GOAL OF THE EXERCISE »
Give back the entries below verbatim.

ENTRIES SUPPLIED »
----

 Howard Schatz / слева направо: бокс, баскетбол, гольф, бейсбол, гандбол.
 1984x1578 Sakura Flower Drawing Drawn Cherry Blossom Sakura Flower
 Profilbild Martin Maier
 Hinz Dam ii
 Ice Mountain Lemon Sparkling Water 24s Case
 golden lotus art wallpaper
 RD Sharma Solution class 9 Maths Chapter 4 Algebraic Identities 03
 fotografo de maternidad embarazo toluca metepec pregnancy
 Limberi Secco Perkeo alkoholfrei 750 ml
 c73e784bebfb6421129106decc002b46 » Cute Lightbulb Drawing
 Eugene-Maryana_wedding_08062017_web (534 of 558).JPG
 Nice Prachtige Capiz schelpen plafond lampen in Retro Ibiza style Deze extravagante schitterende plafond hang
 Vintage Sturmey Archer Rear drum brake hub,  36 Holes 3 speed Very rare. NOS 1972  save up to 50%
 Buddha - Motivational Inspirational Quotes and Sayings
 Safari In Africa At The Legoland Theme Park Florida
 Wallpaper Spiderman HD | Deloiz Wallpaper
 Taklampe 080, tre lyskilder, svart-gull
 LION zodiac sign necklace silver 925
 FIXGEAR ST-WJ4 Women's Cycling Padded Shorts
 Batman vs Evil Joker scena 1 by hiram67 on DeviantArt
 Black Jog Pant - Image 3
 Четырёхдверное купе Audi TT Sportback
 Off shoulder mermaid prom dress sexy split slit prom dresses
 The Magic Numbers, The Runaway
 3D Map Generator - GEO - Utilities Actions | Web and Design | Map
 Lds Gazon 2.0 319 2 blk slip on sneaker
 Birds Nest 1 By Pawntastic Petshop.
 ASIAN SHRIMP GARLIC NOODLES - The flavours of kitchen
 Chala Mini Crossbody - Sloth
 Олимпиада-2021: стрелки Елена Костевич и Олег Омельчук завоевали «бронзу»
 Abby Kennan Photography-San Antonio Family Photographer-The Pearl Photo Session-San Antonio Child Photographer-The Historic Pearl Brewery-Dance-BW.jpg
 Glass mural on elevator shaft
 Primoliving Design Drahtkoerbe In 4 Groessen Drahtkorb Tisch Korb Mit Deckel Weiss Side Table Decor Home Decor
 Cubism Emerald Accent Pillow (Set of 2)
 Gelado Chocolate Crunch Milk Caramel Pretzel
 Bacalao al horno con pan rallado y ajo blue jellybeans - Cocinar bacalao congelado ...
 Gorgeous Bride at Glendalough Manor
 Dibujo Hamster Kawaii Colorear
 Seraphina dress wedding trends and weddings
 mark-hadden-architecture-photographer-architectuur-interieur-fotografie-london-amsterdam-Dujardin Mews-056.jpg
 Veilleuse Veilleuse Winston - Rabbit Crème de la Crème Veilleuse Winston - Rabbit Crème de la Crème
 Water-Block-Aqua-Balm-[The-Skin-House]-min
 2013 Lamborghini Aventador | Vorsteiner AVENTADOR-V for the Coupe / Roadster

----

TASK RESULT »
 Howard Schatz / слева направо: бокс, баскетбол, гольф, бейсбол, гандбол.
 1984x1578 Sakura Flower Drawing Drawn Cherry Blossom Sakura Flower
 Profilbild Martin Maier
 Hinz Dam ii
 Ice Mountain Lemon Sparkling Water 24s Case
 golden lotus art wallpaper
 RD Sharma Solution class 9 Maths Chapter 4 Algebraic Identities 03
 fotografo de maternidad embarazo toluca metepec pregnancy
 Limberi Secco Perkeo alkoholfrei 750 ml
 c73e784bebfb6421129106decc002b46 » Cute Lightbulb Drawing
 Eugene-Maryana_wedding_08062017_web (534 of 558).JPG
 Nice Prachtige Capiz schelpen plafond lampen in Retro Ibiza style Deze extravagante schitterende plafond hang
 Vintage Sturmey Archer Rear drum brake hub,  36 Holes 3 speed Very rare. NOS 1972  save up to 50%
 Buddha - Motivational Inspirational Quotes and Sayings
 Safari In Africa At The Legoland Theme Park Florida
 Wallpaper Spiderman HD | Deloiz Wallpaper
 Taklampe 080, tre lyskilder, svart-gull
 LION zodiac sign necklace silver 925
 FIXGEAR ST-WJ4 Women's Cycling Padded Shorts
 Batman vs Evil Joker scena 1 by hiram67 on DeviantArt
 Black Jog Pant - Image 3
 Четырёхдверное купе Audi TT Sportback
 Off shoulder mermaid prom dress sexy split slit prom dresses
 The Magic Numbers, The Runaway
 3D Map Generator - GEO - Utilities Actions | Web and Design | Map
 Lds Gazon 2.0 319 2 blk slip on sneaker
 Birds Nest 1 By Pawntastic Petshop.
 ASIAN SHRIMP GARLIC NOODLES - The flavours of kitchen
 Chala Mini Crossbody - Sloth
 Олимпиада-2021: стрелки Елена Костевич и Олег Омельчук завоевали «бронзу»
 Abby Kennan Photography-San Antonio Family Photographer-The Pearl Photo Session-San Antonio Child Photographer-The Historic Pearl Brewery-Dance-BW.jpg
 Glass mural on elevator shaft
 Primoliving Design Drahtkoerbe In 4 Groessen Drahtkorb Tisch Korb Mit Deckel Weiss Side Table Decor Home Decor
 Cubism Emerald Accent Pillow (Set of 2)
 Gelado Chocolate Crunch Milk Caramel Pretzel
 Bacalao al horno con pan rallado y ajo blue jellybeans - Cocinar bacalao congelado ...
 Gorgeous Bride at Glendalough Manor
 Dibujo Hamster Kawaii Colorear
 Seraphina dress wedding trends and weddings
 mark-hadden-architecture-photographer-architectuur-interieur-fotografie-london-amsterdam-Dujardin Mews-056.jpg
 Veilleuse Veilleuse Winston - Rabbit Crème de la Crème Veilleuse Winston - Rabbit Crème de la Crème
 Water-Block-Aqua-Balm-[The-Skin-House]-min
 2013 Lamborghini Aventador | Vorsteiner AVENTADOR-V for the Coupe / Roadster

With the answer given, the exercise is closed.